Re: Public SPARQL endpoints:managing (mis)-use and communicating limits to users.

Andrea Splendiani Thu, 18 Apr 2013 16:10:10 -0700

Il giorno 18/apr/2013, alle ore 16:04, Kingsley Idehen <[email protected]> 
ha scritto:


> On 4/18/13 9:23 AM, Andrea Splendiani wrote:
>> Hi,
>> 
>> I think that some caching with a minimum of query rewriting would get read 
>> of 90% of the select{?s ?p ?o} where {?s?p ?o} queries.
> Sorta.
> Client queries are inherently unpredictable.

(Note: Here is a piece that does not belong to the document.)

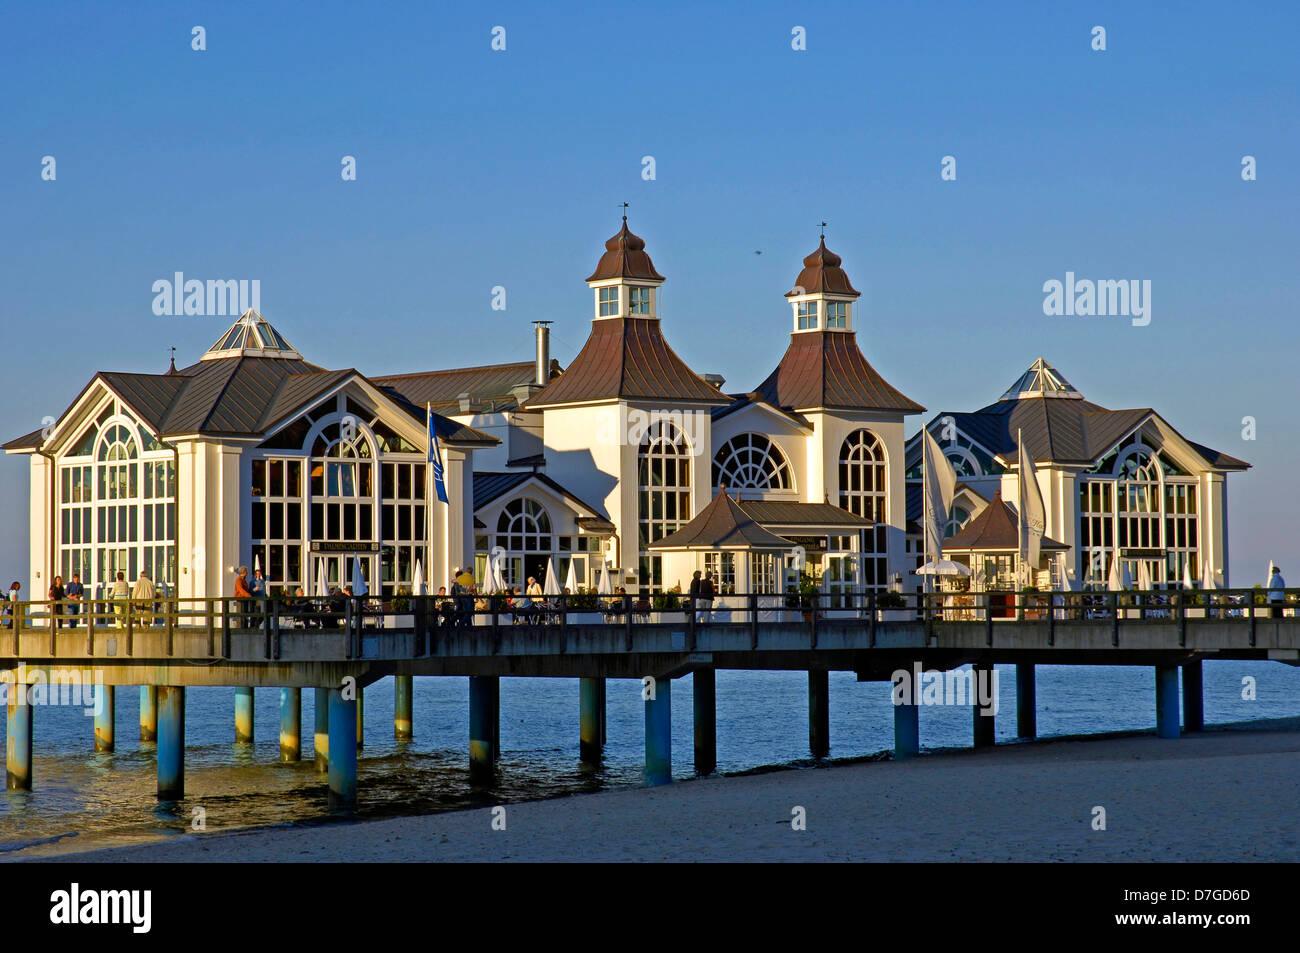 Germany, Mecklenburg-West Pomerania, island Rügen, Sellin, sea bridge, the Baltic Sea - Stock Image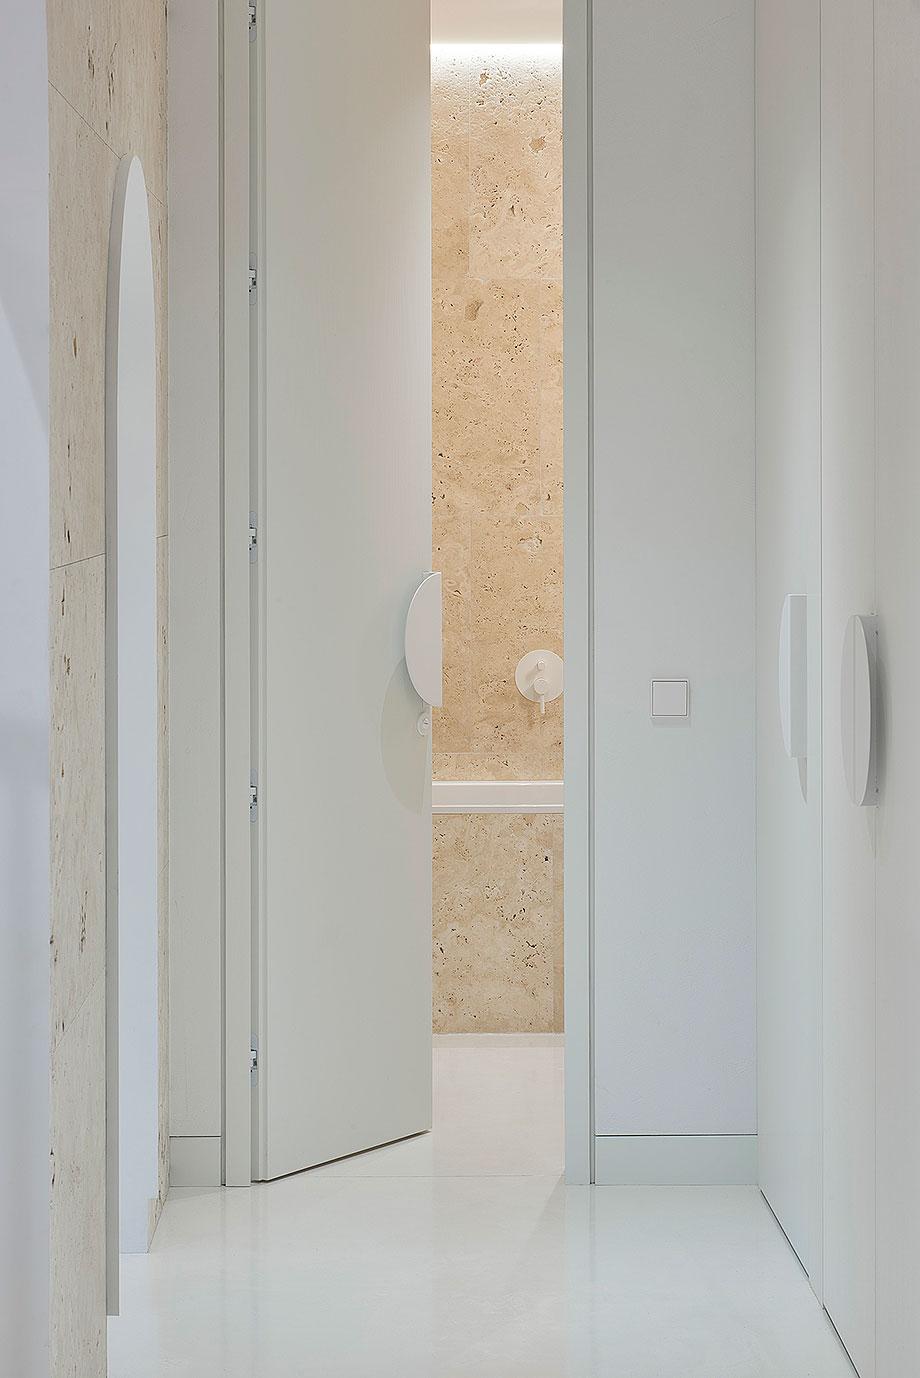 apartamento con un muro de piedra revestido con travertino por 2xj architects (5) - foto darius petrulaitis

That's always been the case, and 
> that predates SPARQL. These issues also exist in the SQL RDBMS realm, which 
> is why you don't have SQL endpoints delivering what SPARQL endpoints provide.
I know, but I suspect that these days lot of these "intensive" queries are 
explorative, just to check what is in the dataset, and may end up being very 
similar in structure.
Jerven: can you report on your experience in this ? How much of problematic 
queries are not really targeted, but more generic ?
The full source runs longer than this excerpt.